Review

Janet Laurence: The Pharmacy of Plants
By Prudence Gibson
NewSouth Books, 192pp, A$49.99, 2015
ISBN 9781742234557

 

Reviewed by Sigi Jöttkandt

© all rights reserved. Printer friendly PDF version.


 

 

In the early part of the twentieth century the Indian biophysicist Sir Jagadish Bose invented an instrument for measuring plant growth. Called the ‘magnetic crescograph’, it enabled Bose to detect extremely tiny movements in the plant. So delicate was the apparatus, it compressed plant growth to a series of pulses. Picked up by the crescograph’s magnetic forces, the plant’s notoriously slow growth could be magnified tens of millions of times, enabling Bose to record its movement within a time-frame of mere seconds. The pulses showed how, far from insensate, plants are affected by the slightest of touches, and that it takes time to recover from such contact. Under such extreme magnification, plants were found to grow at a normal rate at the equivalent of 36 inches per second but as soon as they were exposed to or ‘made to imbibe’ soda water, the growth immediately ‘exalted’ by an order of ten. In contrast, ‘a puff of tobacco smoke’ was shown to instantly retard the rate (Bose 156). The crescograph demonstrated that plants are profoundly attuned to changes in the world around them, responding to passing clouds, to the sounds of crickets and even to music. Bose called the recordings of the crescograph the ‘automatic writing’ of the plant. In a lecture delivered in 1918 at Bombay University, he addressed the idea of a ‘hidden history’ of the life of the plant. Do plants write their own autographs, he wondered, and can these be made legible to the human eye?
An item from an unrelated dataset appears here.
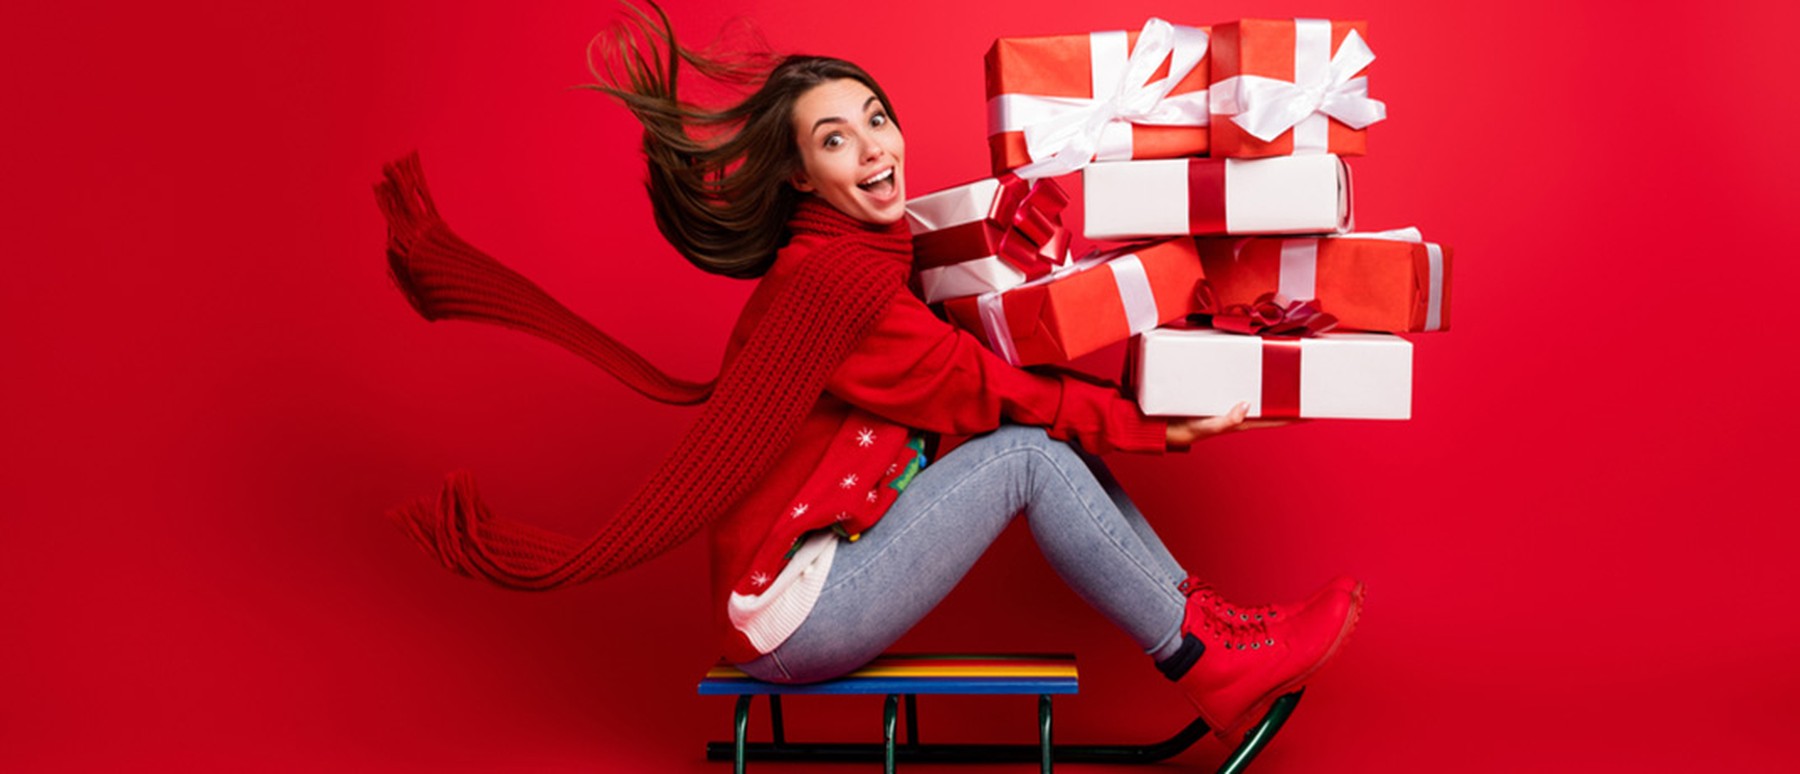 De ultieme gift guide met tips voor goedkope last minute kerstcadeaus

In Janet Laurence: The Pharmacy of Plants, Prudence Gibson and Janet Laurence have created a sort of ‘aesthetic crescograph’ that would measure the effect of art’s contact with plants. This collaboration between an artist and a philosopher documents Laurence’s life-long artistic engagements with vegetal elements in their capacities as tonic and tinctures, structures and systems, and as mediations and connections between the Earth and the atmophere. However, The Pharmacy of Plants is much more than a work of art criticism. It is an extended reflection on the intersection of writing, art and the ‘nature’ of thought itself.
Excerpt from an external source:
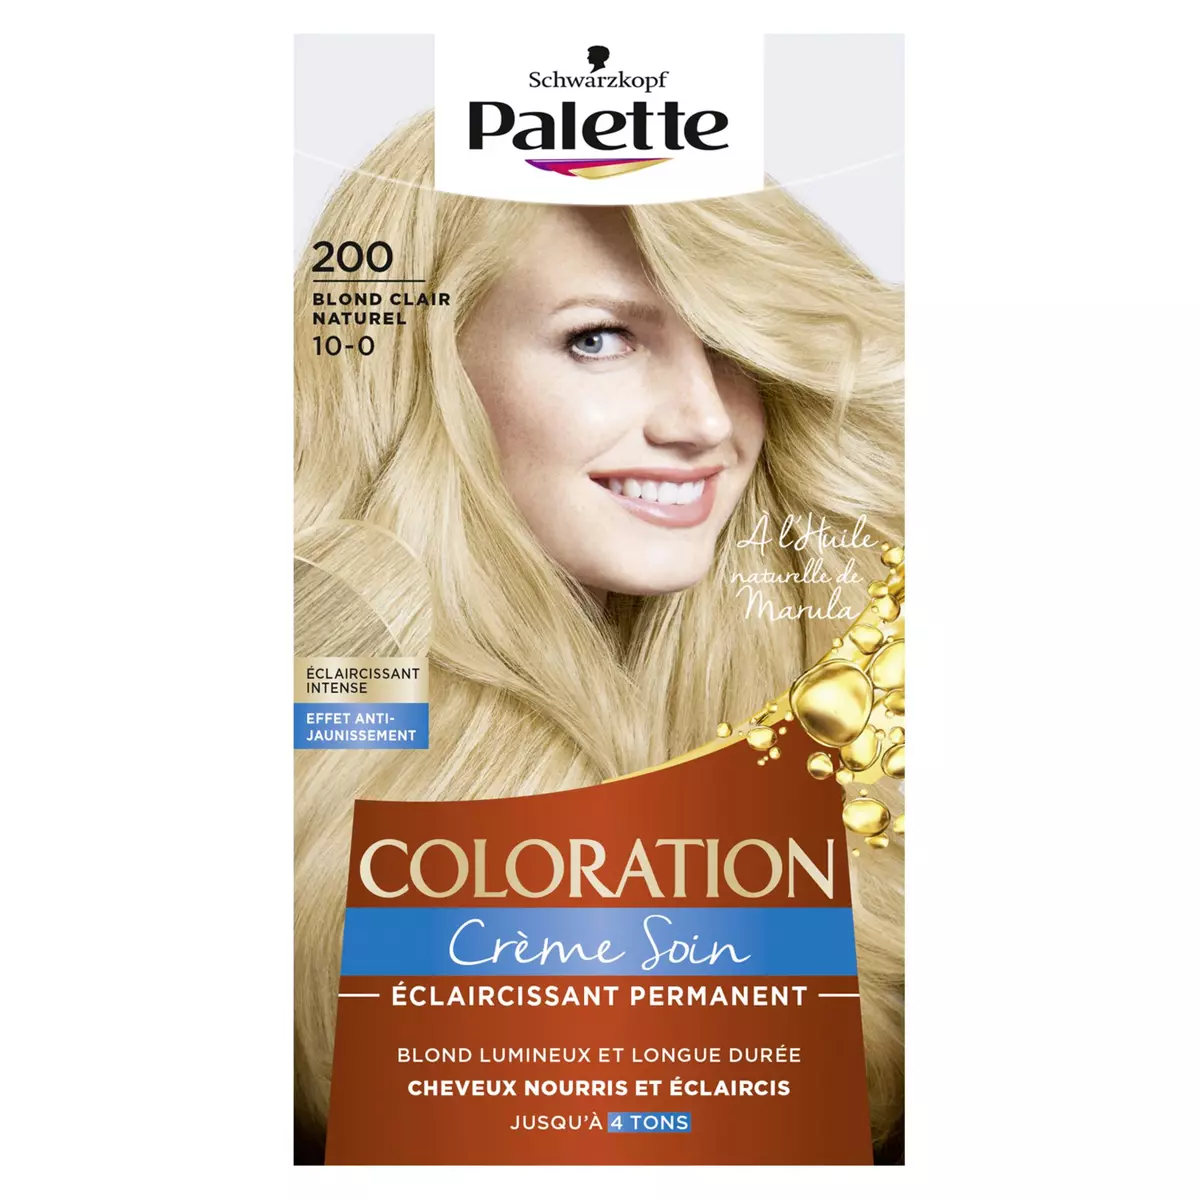 PALETTE Coloration crème soin éclaircissante 200 blond clair naturel 3 produits 1 kit

Following on from The Rapture of Death (2010), Gibson emerges in her second book as one of Australia’s leading voices in the developing field of plant philosophy. Seemingly a mere off-shoot from contemporary animal studies, plant studies would in fact fundamentally reframe the way we think about ‘nature’. The Moscow-born philosopher, Michael Marder, a leading exponent of what he calls ‘plant-thinking’, proposes we consider plants not merely as representatives of certain species within a biological kingdom that subsists alongside (or underneath) the animal world. Rather, they act as a synecdoche for what we call ‘nature’ itself. This synecdochal relation requires a sort of perspectival shift in which a part, coming to stand for the whole, forces a radical rethinking of the entire order of things, including the place of humanity in the natural world. It has been a long time since we thought we could occupy a position as its centre. But plant-thinking also disabuses us of the idea we inhabit a sort of parallel or sister kingdom for which the plant world acts as the life-support. As Marder remarks in his own artist/philosopher collaboration with Anaïs Tondeur, The Chernobyl Herbarium, ‘Plants […] break through concrete, growing in its cracks and upturning massive slabs with their roots. They open everything and everyone to the outside’ (50). From the perspective of plant-thinking, one must therefore begin from a more disturbing proposition, an ancestral heritage of a vegetal life engaged in very different processes of ‘thought’ and perception.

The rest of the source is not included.